Personal information
- Full name: Bruce William Biddle
- Born: 2 November 1948 (age 77) Warkworth, New Zealand
- Height: 1.73 m (5 ft 8 in)
- Weight: 64 kg (141 lb)

Team information
- Current team: Retired
- Discipline: Road
- Role: Rider

Professional teams
- 1974–1975: Magniflex
- 1976: Cuneo–Bonetto
- 1977: Sanson
- 1978: Gis Gelati
- 1979: Mecap–Selle Italia

Major wins
- One-day races and Classics National Road Race Championships (1969)

Medal record
Men's road bicycle racing
Representing New Zealand
British Commonwealth Games
| Gold medal – first place | 1970 Edinburgh | Road race |

= Bruce Biddle =

New Zealand cyclist

Bruce William Biddle (born 2 November 1948) is a former road racing cyclist from New Zealand, who was a professional rider from 1974 to 1979. He won the gold medal in the men's individual road race at the 1970 British Commonwealth Games in Edinburgh.

==Career==
Biddle won the gold medal in the men's individual road race at the 1970 Commonwealth Games. This was the first gold medal by a New Zealander in the road race at the Commonwealth Games. Following the race he spent the next season in England.
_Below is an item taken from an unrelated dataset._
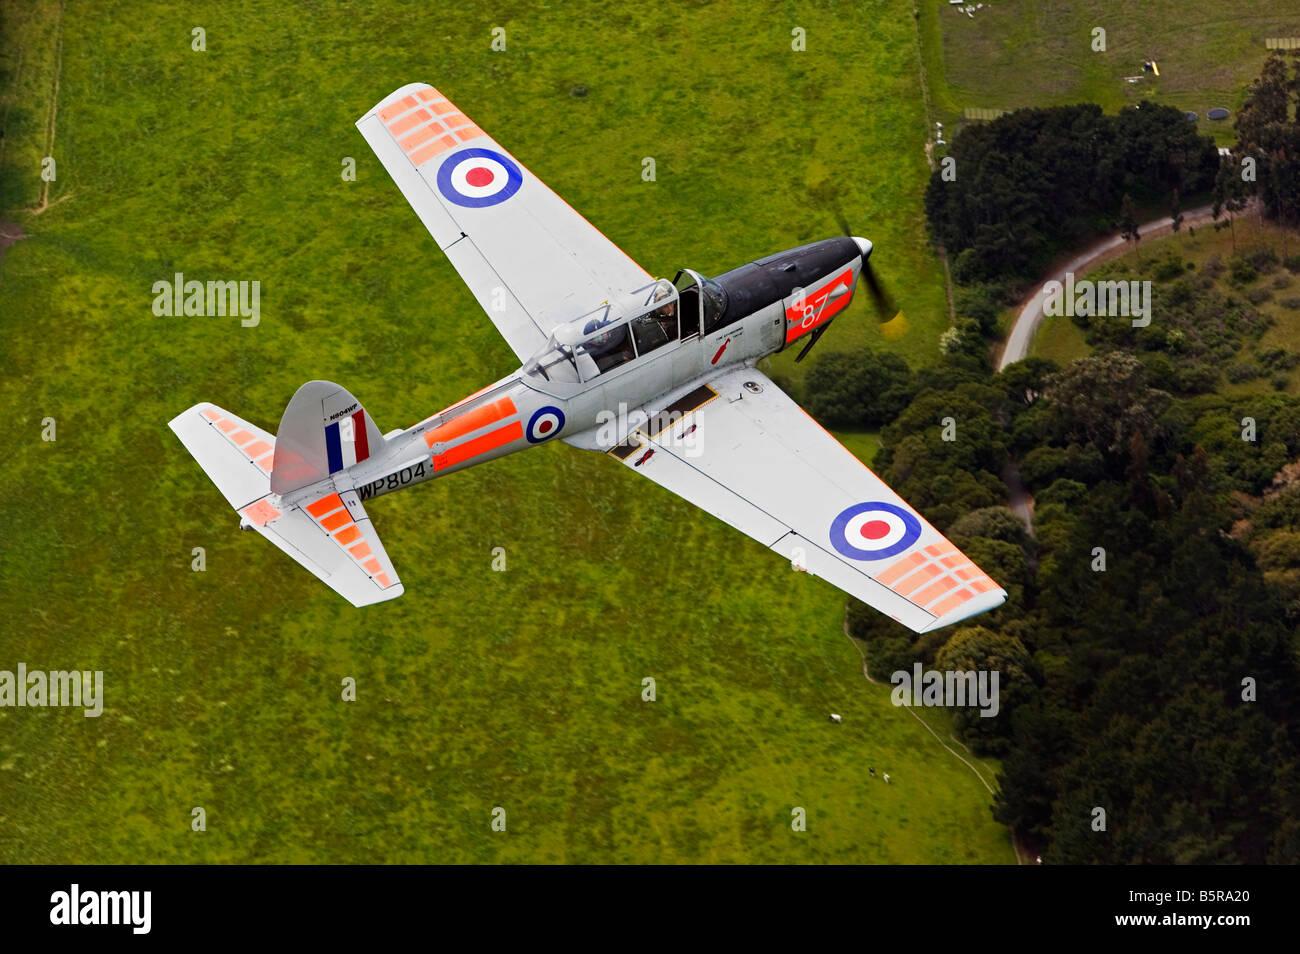 aerial view above de Havilland aircraft Chipmunk DH10 - Stock Image

He represented his native country at the 1972 Summer Olympics in Munich, West Germany, where he came fourth in the men's individual road race. Although Jaime Huelamo from Spain, who came third, was disqualified for failing a drug test, the bronze medal was not awarded to Biddle as he had not been tested for drugs. There was an attempt in 2002 to try to get Biddle his Bronze medal it was not successful. But his first race following the Olympic games, in Tuscany, he was awarded a gold medal.

In 1973 he won the Piccolo Giro di Lombardia, the under-23 version of the UCI WorldTour race Giro di Lombardia.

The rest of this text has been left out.